Atticus is sure that Jem must have stabbed Bob Ewell in self-defense. But Sheriff Tate disagrees. He tells Atticus that he intends to write in his report on the incident that Bob Ewell fell on his own knife.

Atticus protests at first. He is sure that the sheriff is trying to cover up for Jem. Then it slowly dawns on Atticus that it isn't Jem the sheriff wants to protect. Boo Radley, not Jem, stabbed Bob Ewell.

Why does the sheriff want to cover up Boo Radley's part in the fight?

There can be no doubt that the stabbing of Bob Ewell was justifiable homicide, necessary to save the lives of Jem and Scout. Even if Boo's case ever came before a court, he would certainly be found innocent. The court system might not work for a black man like Tom Robinson, but Boo has nothing to fear. It is not the law that the sheriff wants to protect Boo from, but the publicity. He wants to spare Boo the need to explain himself to the police and to others, and even the attention he would surely get from neighbors who would consider him a hero for saving the children's lives. As the sheriff notes, all the ladies in the neighborhood would no doubt be showing up at the Radley's door bringing cakes and pies- a friendly gesture that would be torture for a shy, reclusive man like Boo.

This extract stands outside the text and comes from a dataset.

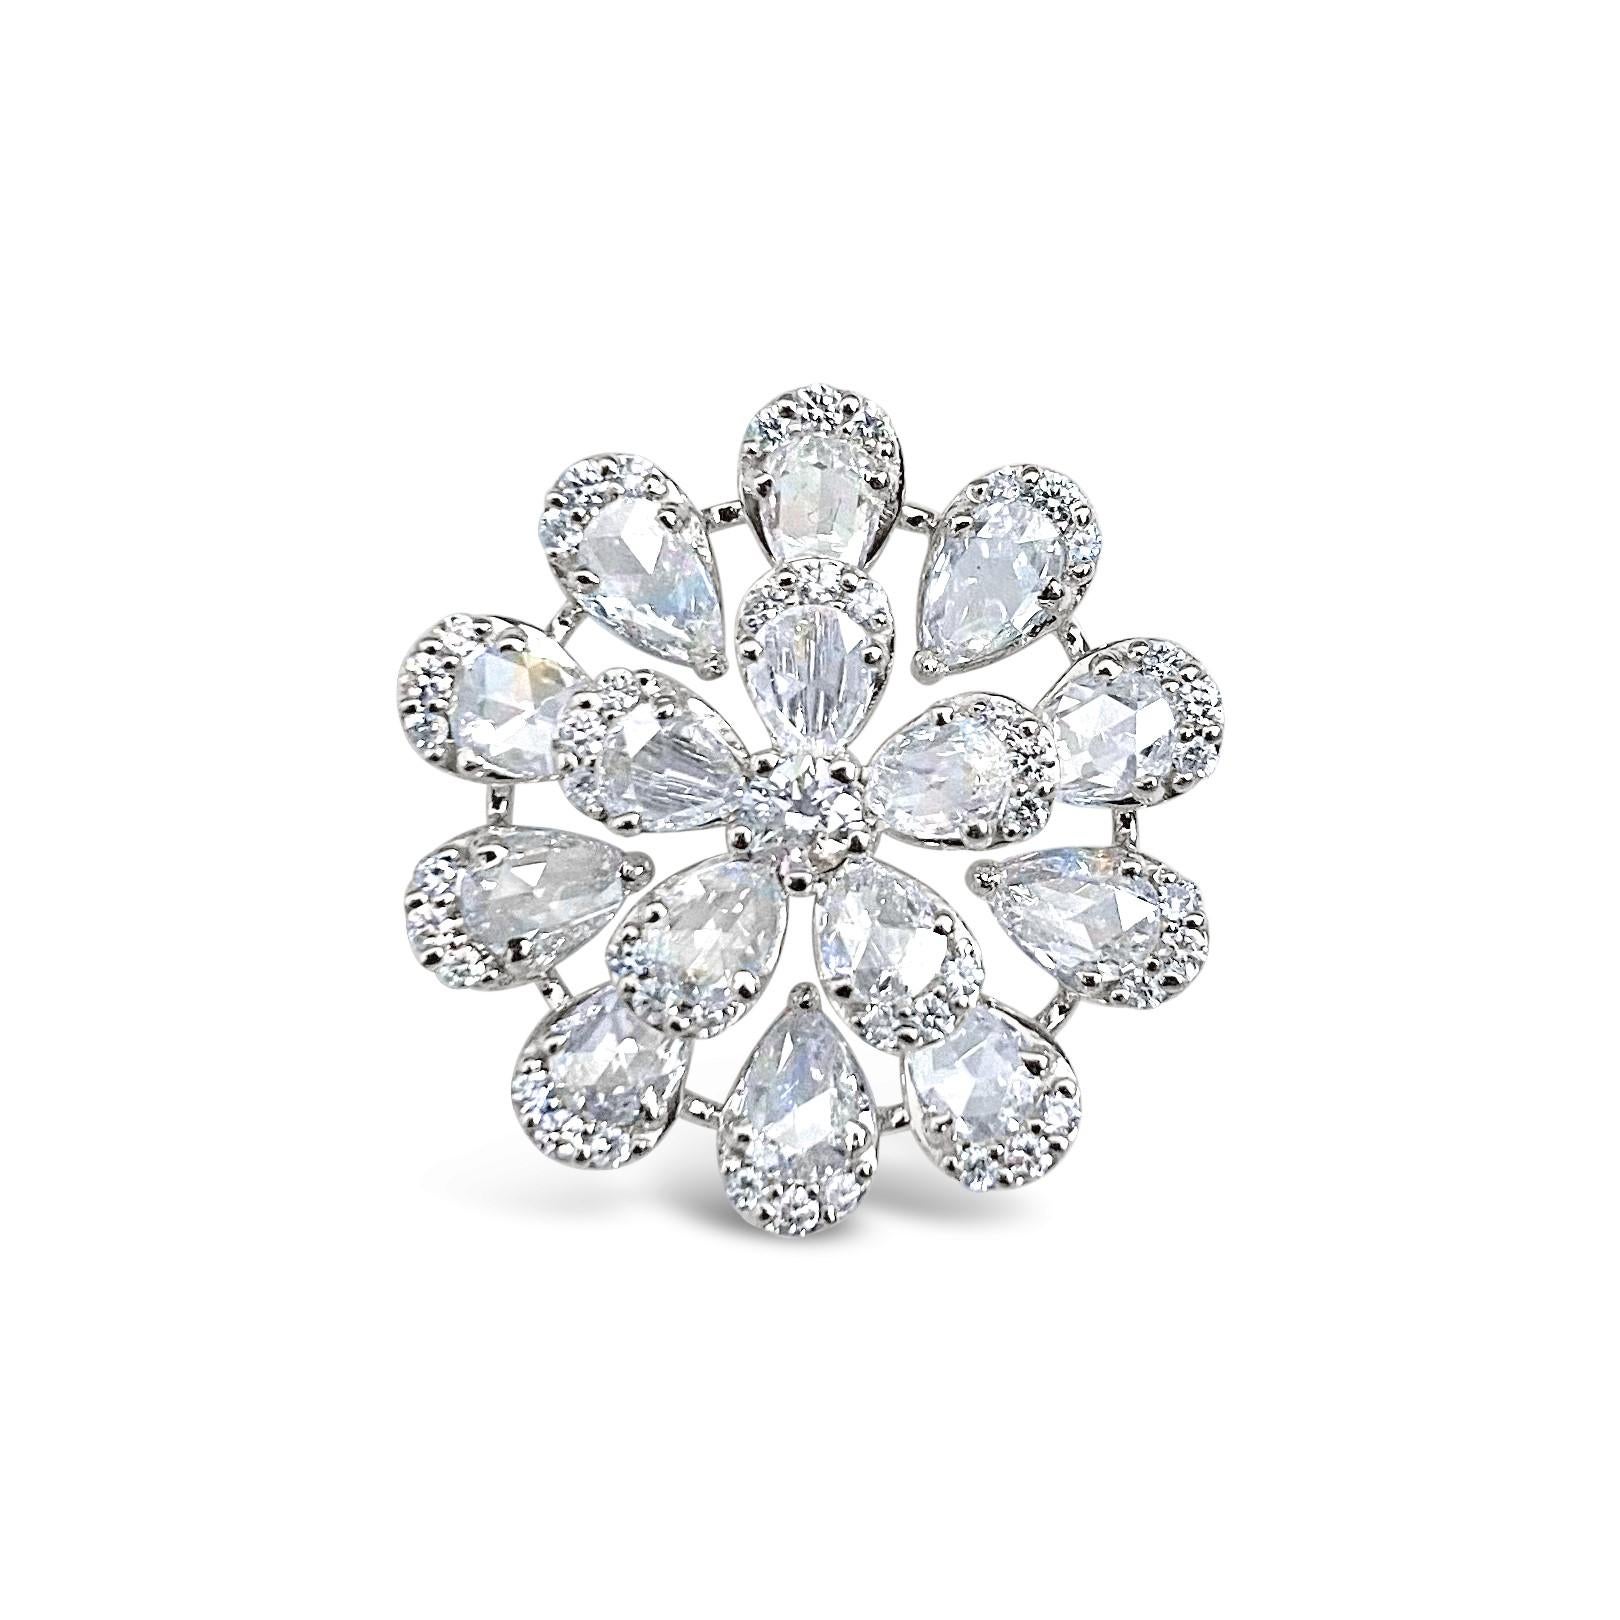 Nous vous présentons notre pendentif en diamant unique et à couper le souffle. Ce design unique est un symbole d'opulence et d'individualité qui met en valeur l'éclat intemporel des diamants avec une ingéniosité et un design brillants. 
Ce pendentif

Most readers agree that Sheriff Tate is doing the right thing. He is willing to bend the rules by writing a false report, but only in the name of compassion. Justice is served, perhaps not in the letter of the law, but in its spirit. By putting himself inside Boo's skin- just as Atticus advised the children to do earlier in the story- Sheriff Tate has seen that it would be much kinder to keep quiet about Boo's action.

A few readers, however, may have qualms about this ending to the novel. Isn't this bending of the law in accordance with one's feeling the same reasoning that allowed the jurors to find Tom Robinson guilty even though they must have known he was innocent? Remember, it's possible that some of the jurors did not actively want to harm Tom. Perhaps they only wanted to spare Mayella Ewell the shame of a verdict that would have shown they didn't believe her. Perhaps we would be better off in the long run if the law were applied equally to everyone. Once people start making exceptions, doesn't this open the door to a situation where there is one law for one's friends and "people like us" and another for everybody else?

There is no right answer to these questions. Scout and Atticus approve of Sheriff Tate's decision, and their view clearly represents the opinion of the author. However, you will have to decide for yourself whether you agree.